OK, it's just working on single lookup contents so the overall data size isn't that big but as a general rule instead of this you should just do
| stats values(hostname) as hostname
optionally followed by
| mvexpand hostname
Firstly, dedup is usually best avoided since it's almost always behaving not as you intended (unless you're the one percent that really knows what they're doing ;-)).
And secondly, it's centralized and fairly resource-intensive. Stats can use map-reduce so it only fetches the partial results from the indexers, not whole event stream.
@PickleRick
We have HF as well in my instance, so if I do -
| tstats count where index=_internal by host
| dedup hostname | table hostname
Is it not going to return HF as well?
Well. Yes, it wil (except for the fact that the second line of the search is completely unnecessary and will actually make Splunk return no events at all since you have no field named "hostname" after tstats ;-))l. This is the way to report _all_ Splunk hosts and forwarders. Usually that's the easiest trick to pull off and then manually remove known HFs, indexers, SHs and such.

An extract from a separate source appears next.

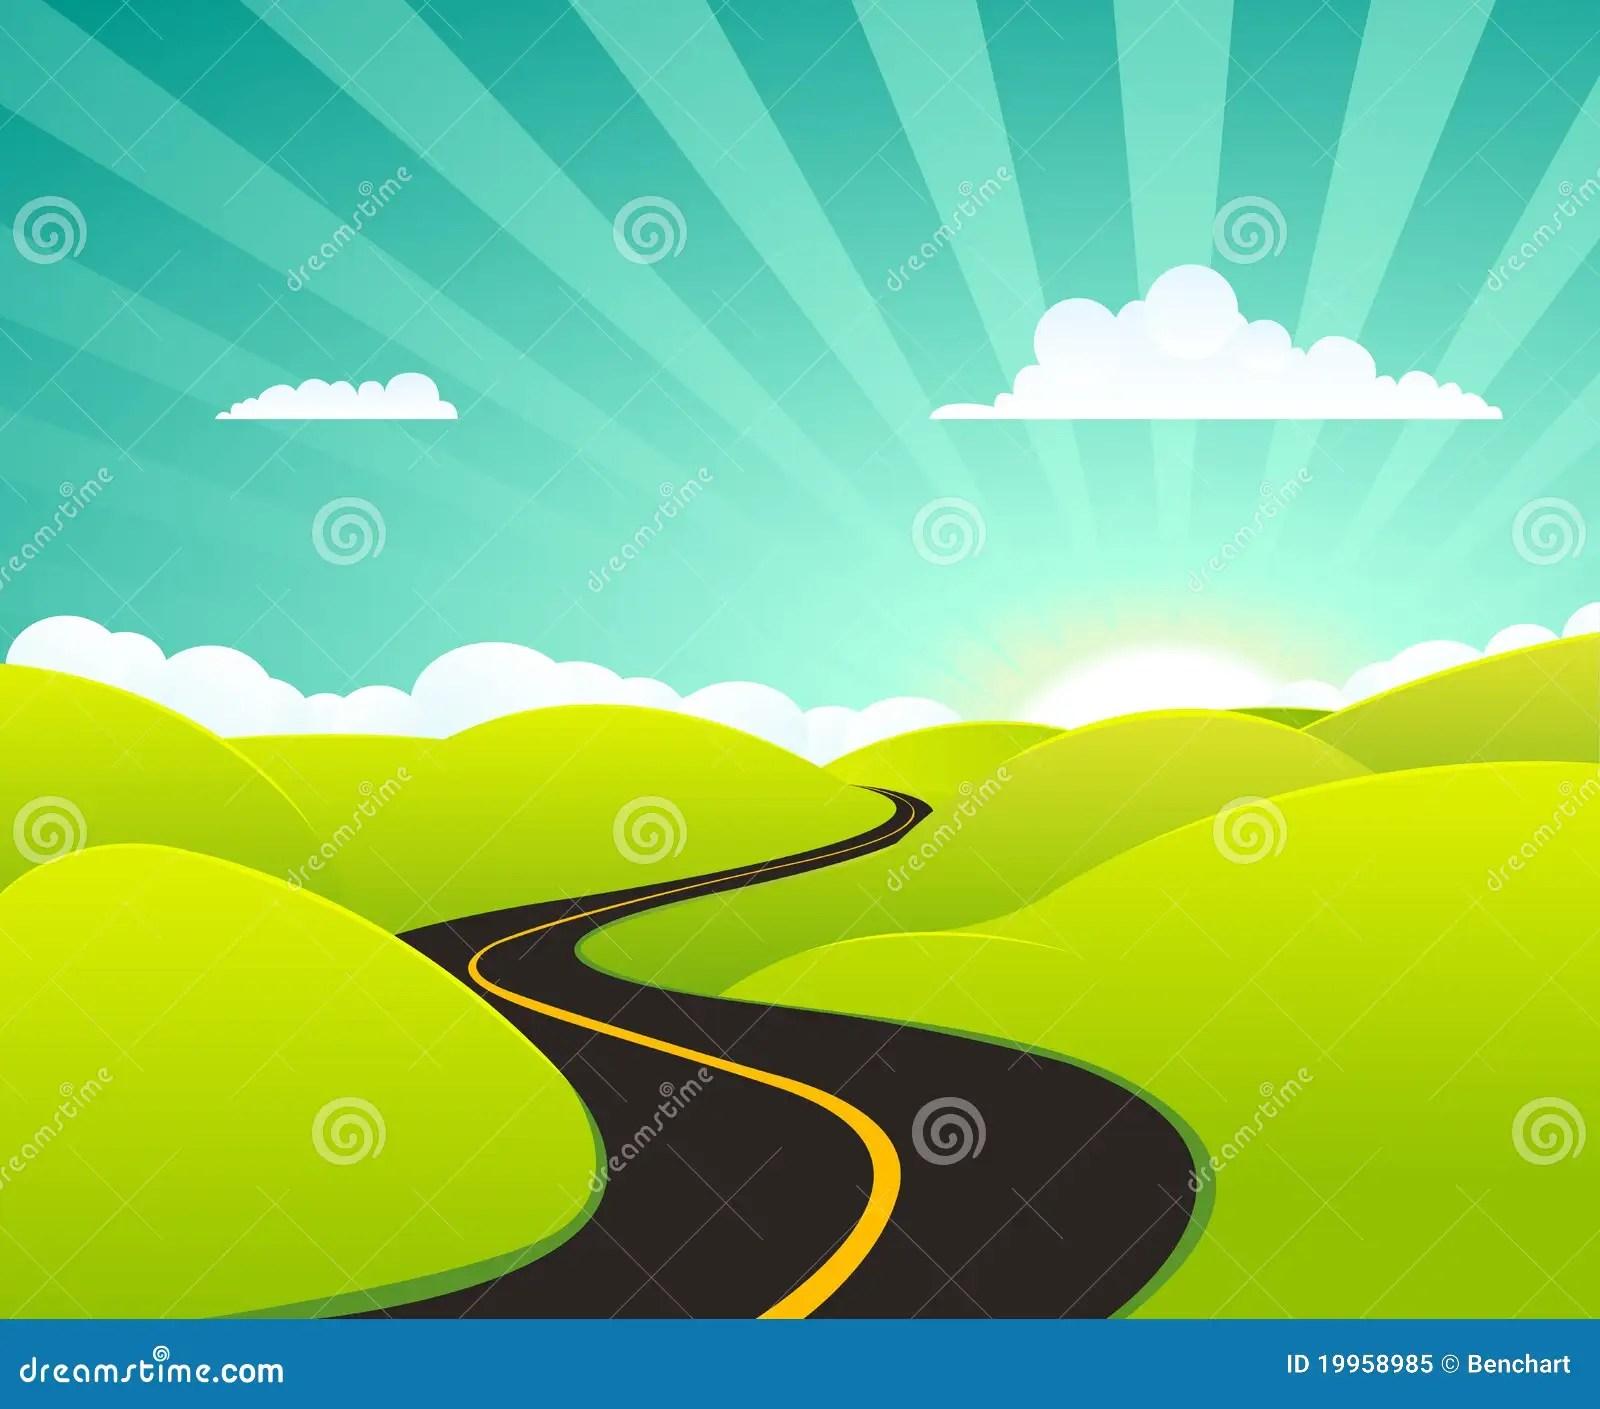 Car Wallpaper Themes Cartoon Summer Highway Royalty Free Stock Photo Image

It's quick and dirty but often just gets the job done.
If you want a more sophisticated approach, go for the dmc_forwarder_assets lookup.

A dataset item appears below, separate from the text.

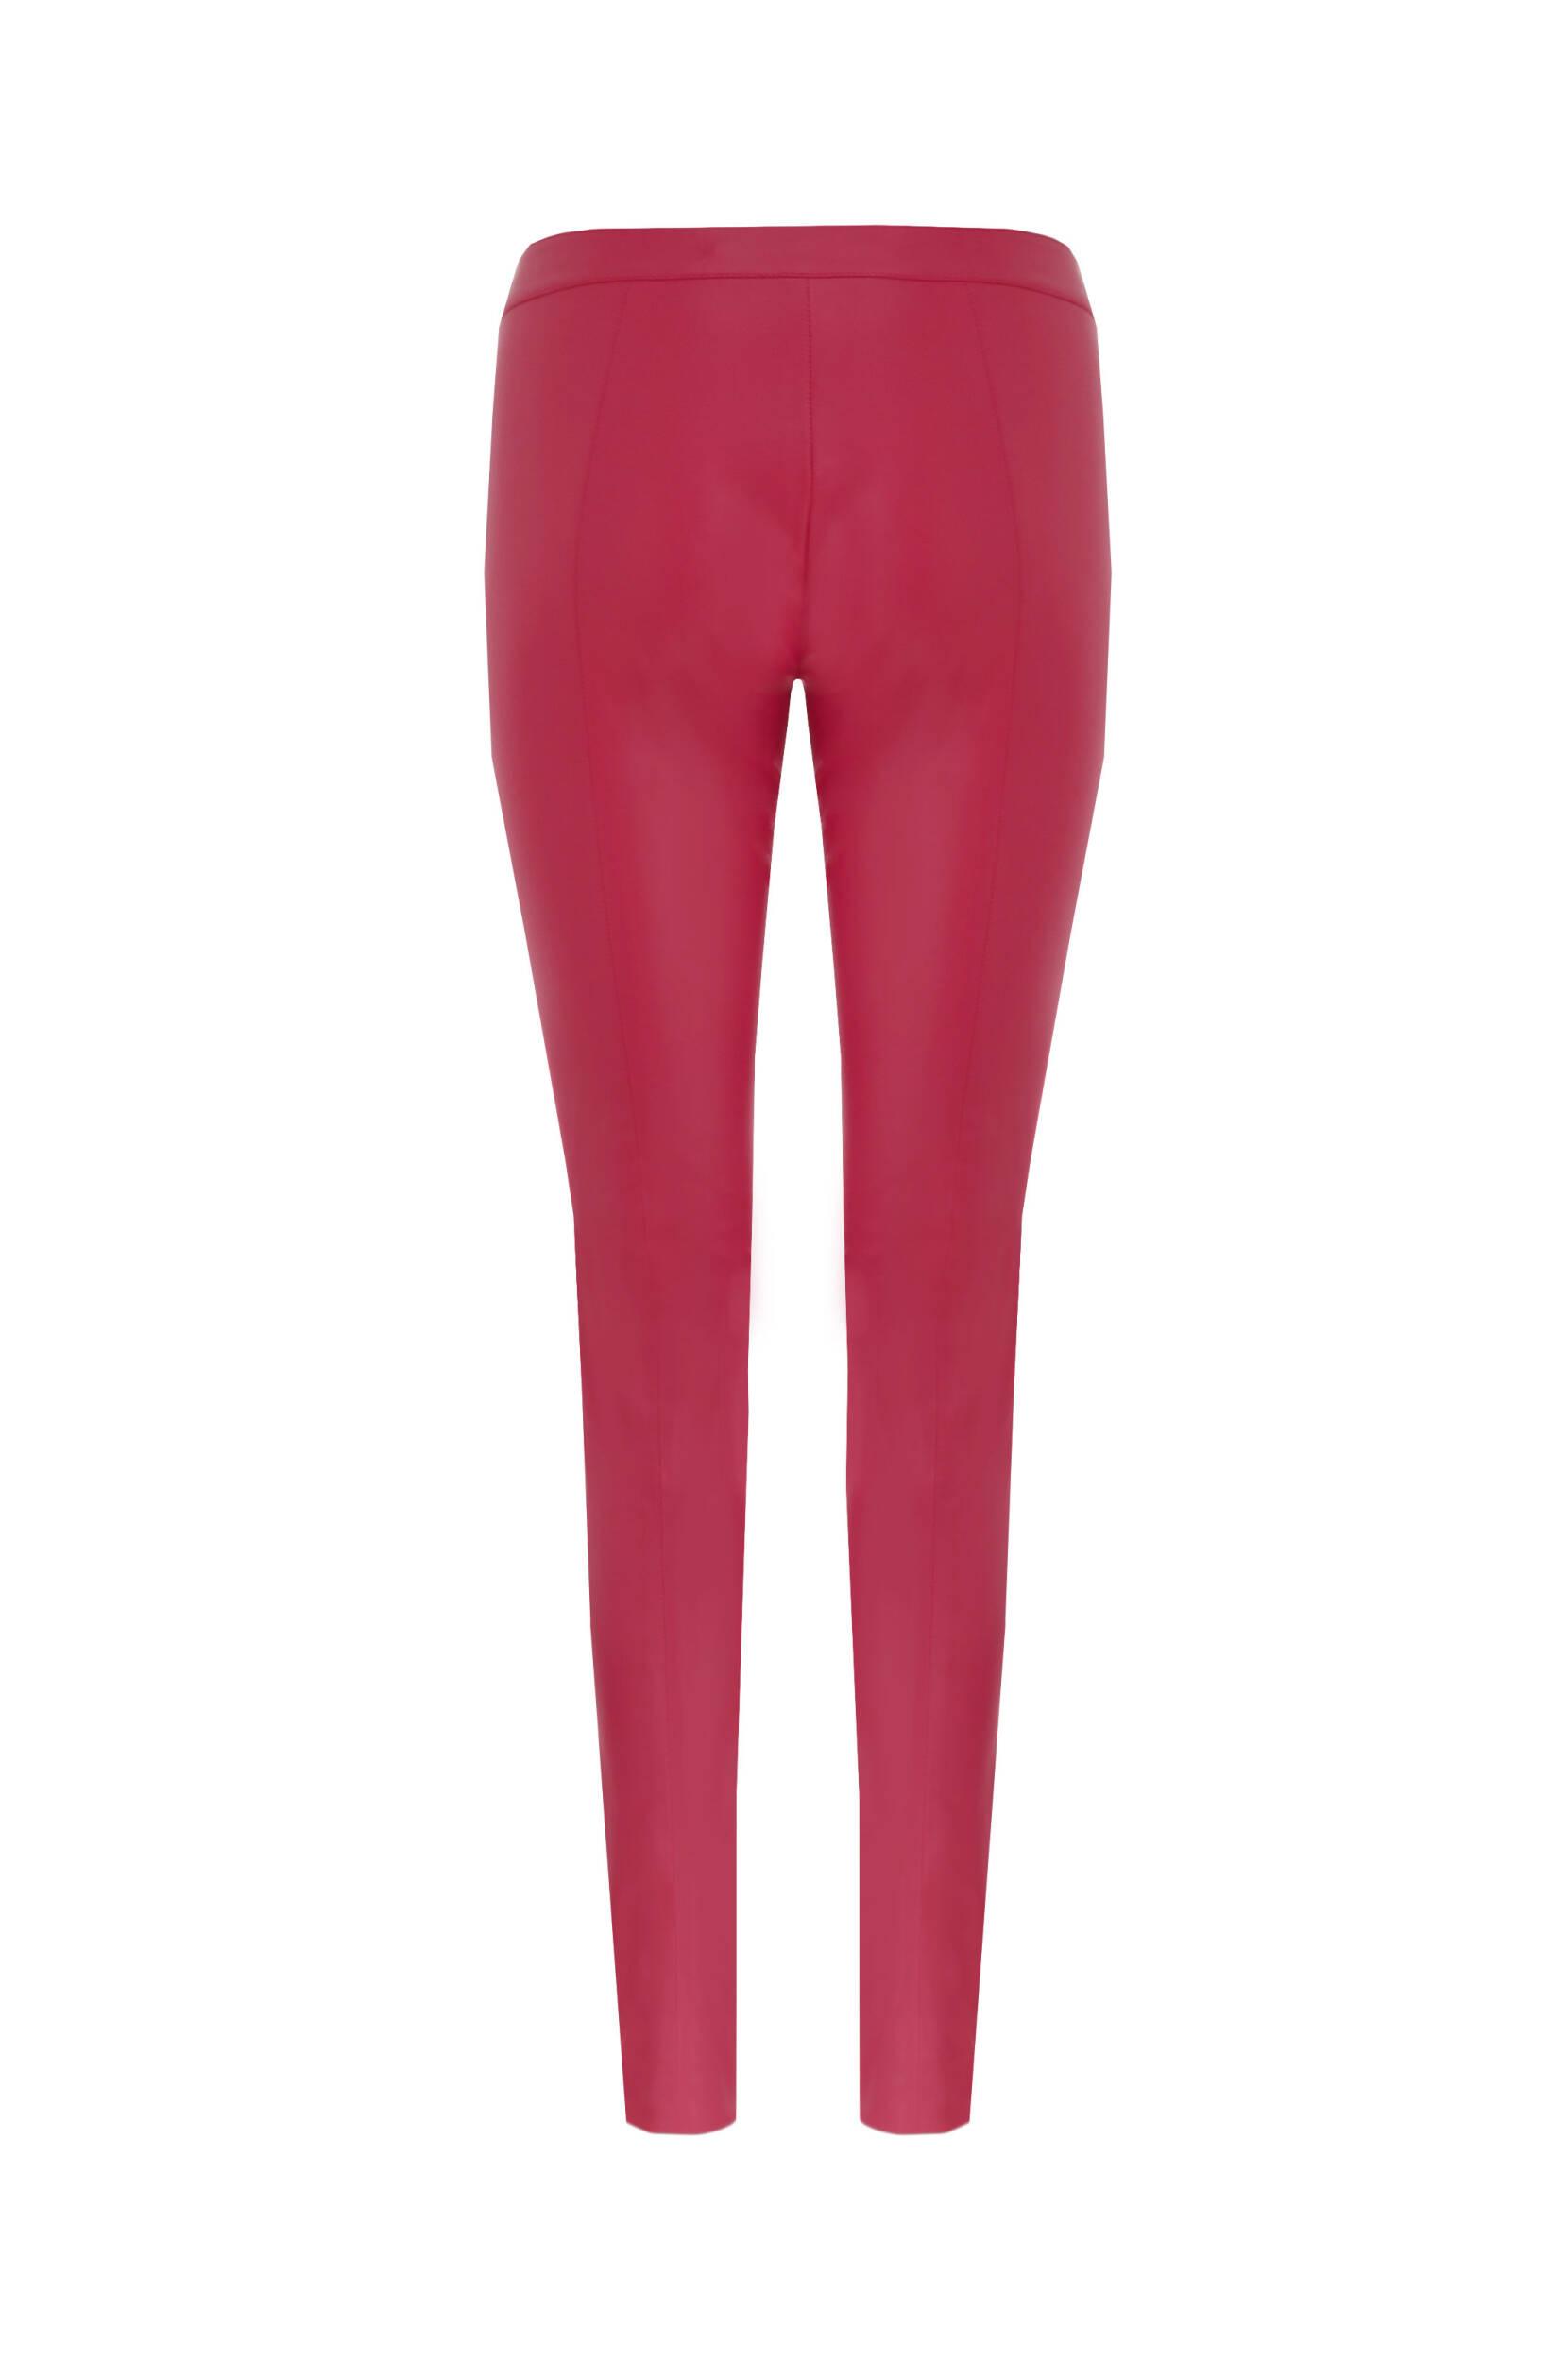 23755e8e116844 Legginsy Tabitha Guess Jeans | Różowy | Gomez.pl

BTW, the search based on the DC:Handshake component will only list components using DS. If you have forwarders which are not DS-managed, they will not be listed.

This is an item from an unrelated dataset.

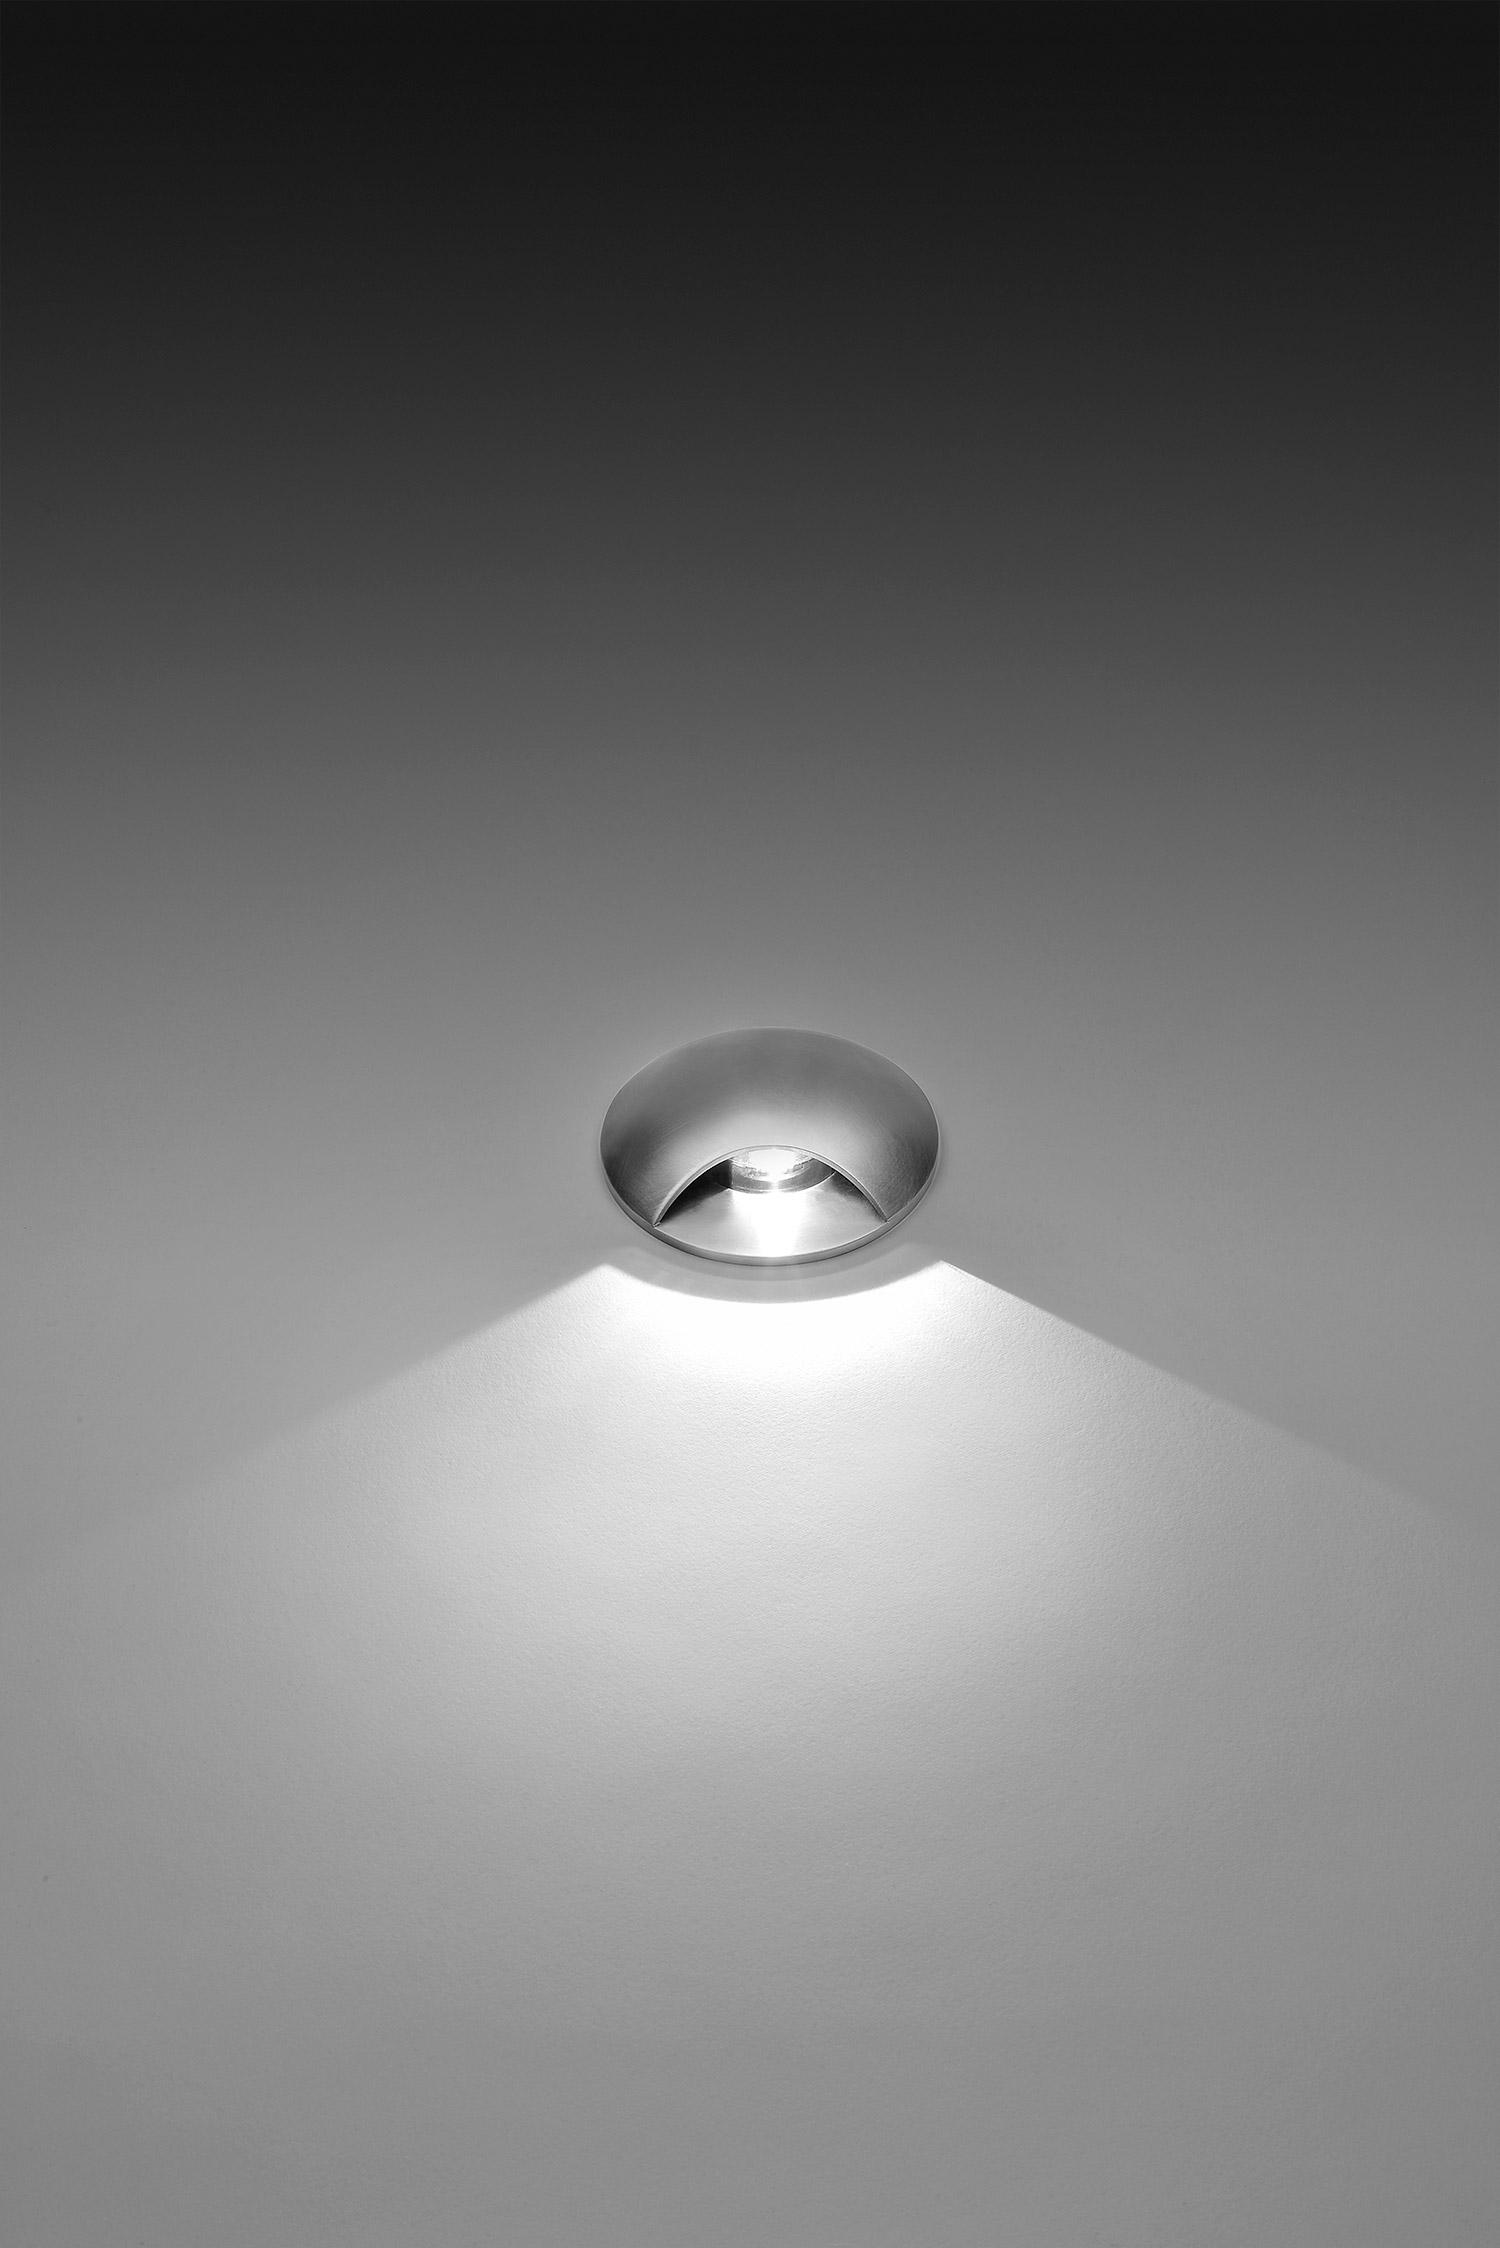 201065 HYDROFLOOR MICRO STEEL 01 LED 3W 1

As usual - Splunk gives you tons of flexibility but the price is that sometimes getting some info about your Splunk installation can be a bit complicated because of several different ways things can be done or connected.
Hi @PickleRick
I was able to get the correct working query.
index=_internal sourcetype=splunkd component=DC:DeploymentClient splunk_server=* "*phonehome*" OR "*handshake*" OR "not_connected"
| stats latest(_time) AS lastTime BY host
| eval age=round((now() - lastTime)/3600, 1)
| where age >=24
| eval lastTime=strftime(lastTime, "%b %d, %Y %H:%M:%S")
| table host age lastTime
| sort 0 - ageApparently I was overthinking it 😅
One small but important detail.
If you're writing a search like this and you can avoid it, don't ever use terms like "*phonehome*". Splunk really hates wildcards at the beginning of search term because it makes it have to parse each single event to find out if it matches the term - it cannot use the lexicon.
Understood!
Just one last confirmation. For a host, I observe that after every 12 seconds, the host is trying to establish handshake with the Deployment server and lastly it says "handshake done"
Does that means it was finally able to establish connection with the DS??